WHY IS CONTEMPORARY FASHION SO UGLY? 

At the Met Gala in New York, themed as an homage to the late Karl Lagerfeld, celebrities arrived in costumes made with the intention to make them stand out from the crowd. Jeweled man-thongs, ornamented bodysuits, and dresses in the shape of cocoons were not worn for comfort, but for attention.

 

In 2010, Instagram was launched. 

Already before, the fashion image had been more important than the actual garment. 

French philosopher Roland Barthes stated already in the 1960s that, “the magazine is a machine that makes fashion”. 

By this he meant that fashion is different from clothes; it’s a symbolic value, only temporary ascribed to certain garments. The most powerful manifestation of fashion is thus not in garments, but in images. 

Instagram and Tiktok have accelerated the trend of promoting image over object. The two-dimensional representation of a look carries today more cultural weight than the three-dimensional outfit.

When fashion photography was produced exclusively for magazines, this was not so strange: The stylized images would appear, meticulously processed in post-production, on the glossy pages of Vogue, ELLE or Harper’s Bazaar. The work process was hidden from the reader, who knew nothing of the conditions behind putting together a fashion photography.

 

Today, fashion images are no longer produced by editorial teams, but by people working for social media celebrities, including their stylists, as well as the paparazzi taking photos as the influencers enter a party like the Met Gala. 

 

The consequence is that garments, not made for walking but strictly for posing, are exposed in all their ridiculousness, for the world to see as they struggle to walk on the red carpet.

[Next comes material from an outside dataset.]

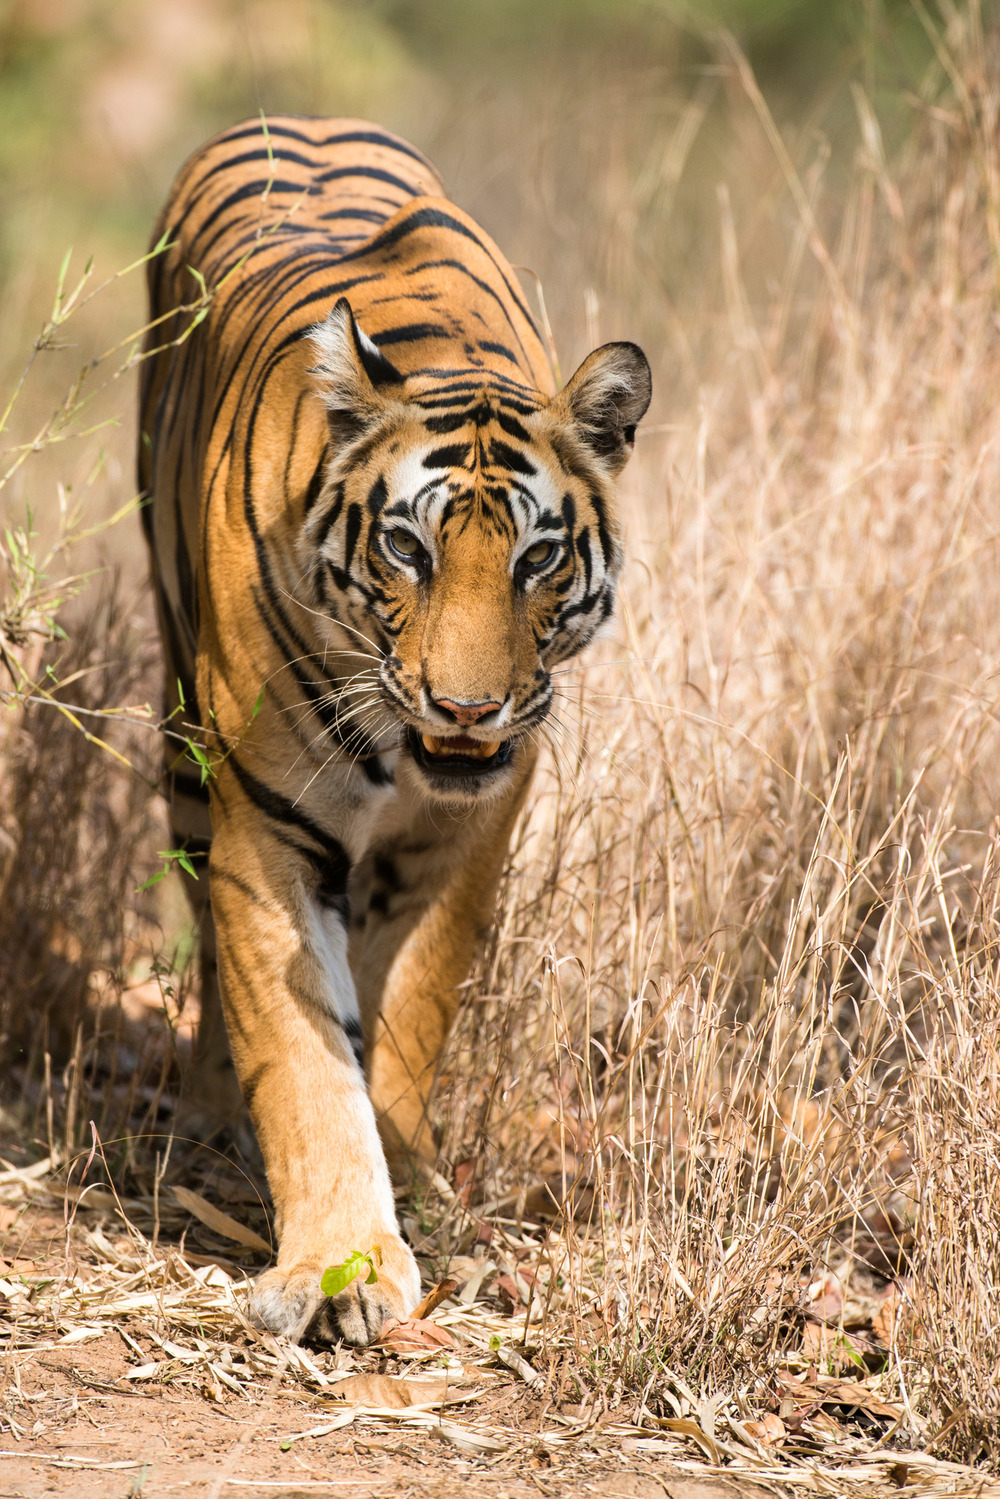 Bengal tigress approaching, Bandhavgarh National Park, Madhya Pradesh, India

Seeing people attempting to look dignified while wearing something that is made with the sole purpose of going “viral” is to witness in 3D what was intended only to be viewed in 2D. 

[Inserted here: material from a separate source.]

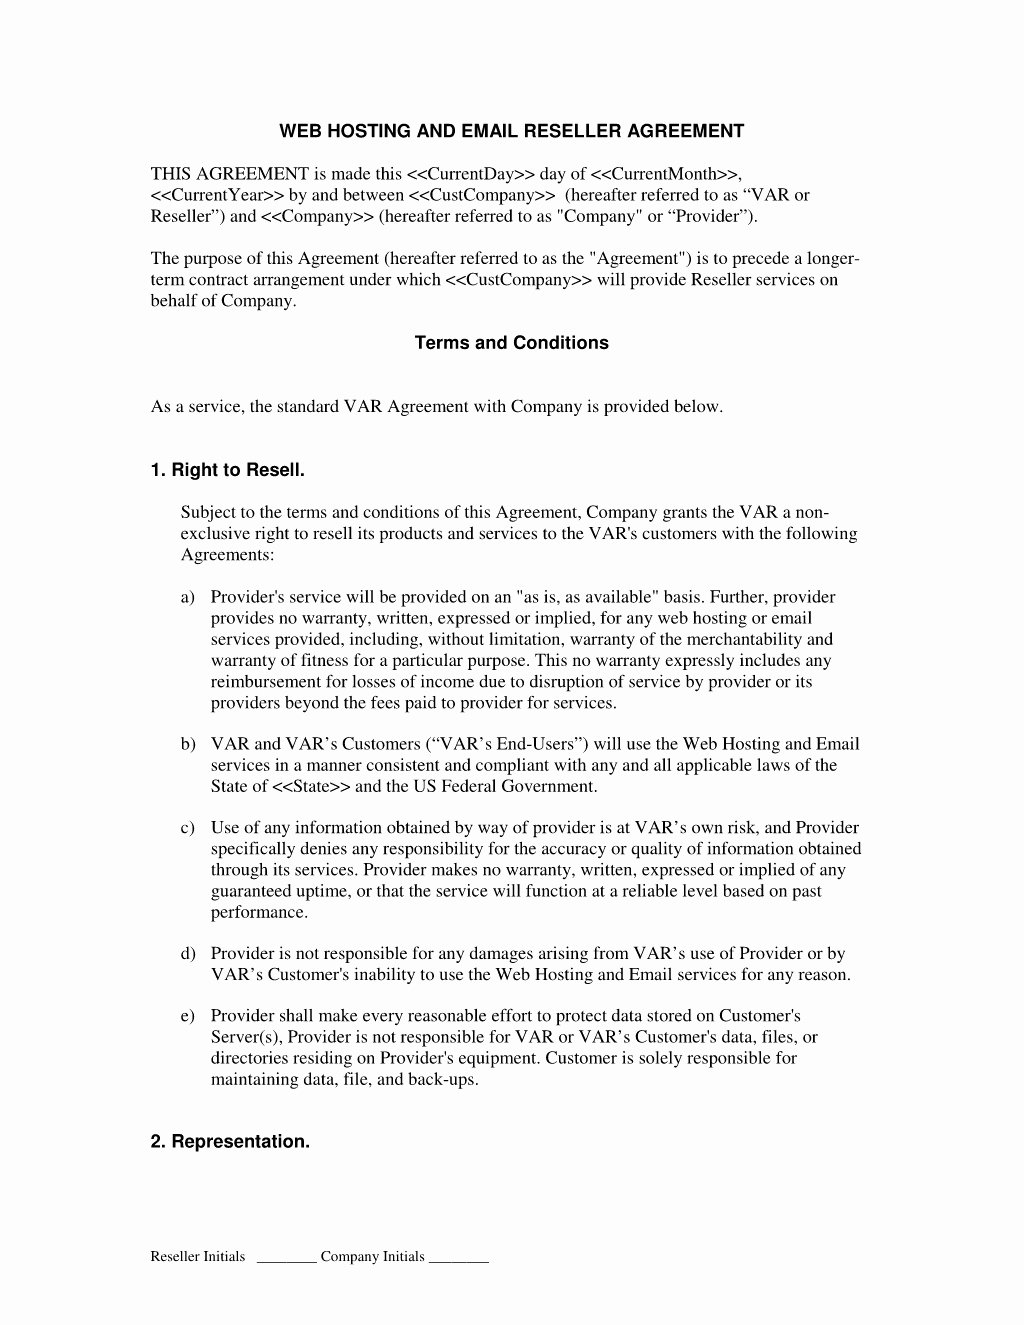 Saas Reseller Agreement Template Best Of Simple Web Hosting Agreement

This is what makes fashion appear so irrelevant these days; it has become all about people trying too hard to get the attention of the audience. 

Fashion has always been about the surface. 

But if fashion before digitalization had an air of dignity, today’s constant need to document everything, and to move fashion shoots from photo studios to the red carpet, has changed the aesthetics of things, making fashion appear mundane, even though the garments are stranger than ever. 

Fashion is no longer about making someone look more beautiful, but about attracting attention by wearing something meant to surprise, even shock. 

It’s no longer about design, but about being looked at.

And this is what makes contemporary fashion not only ugly, but worse than that, it makes it boring.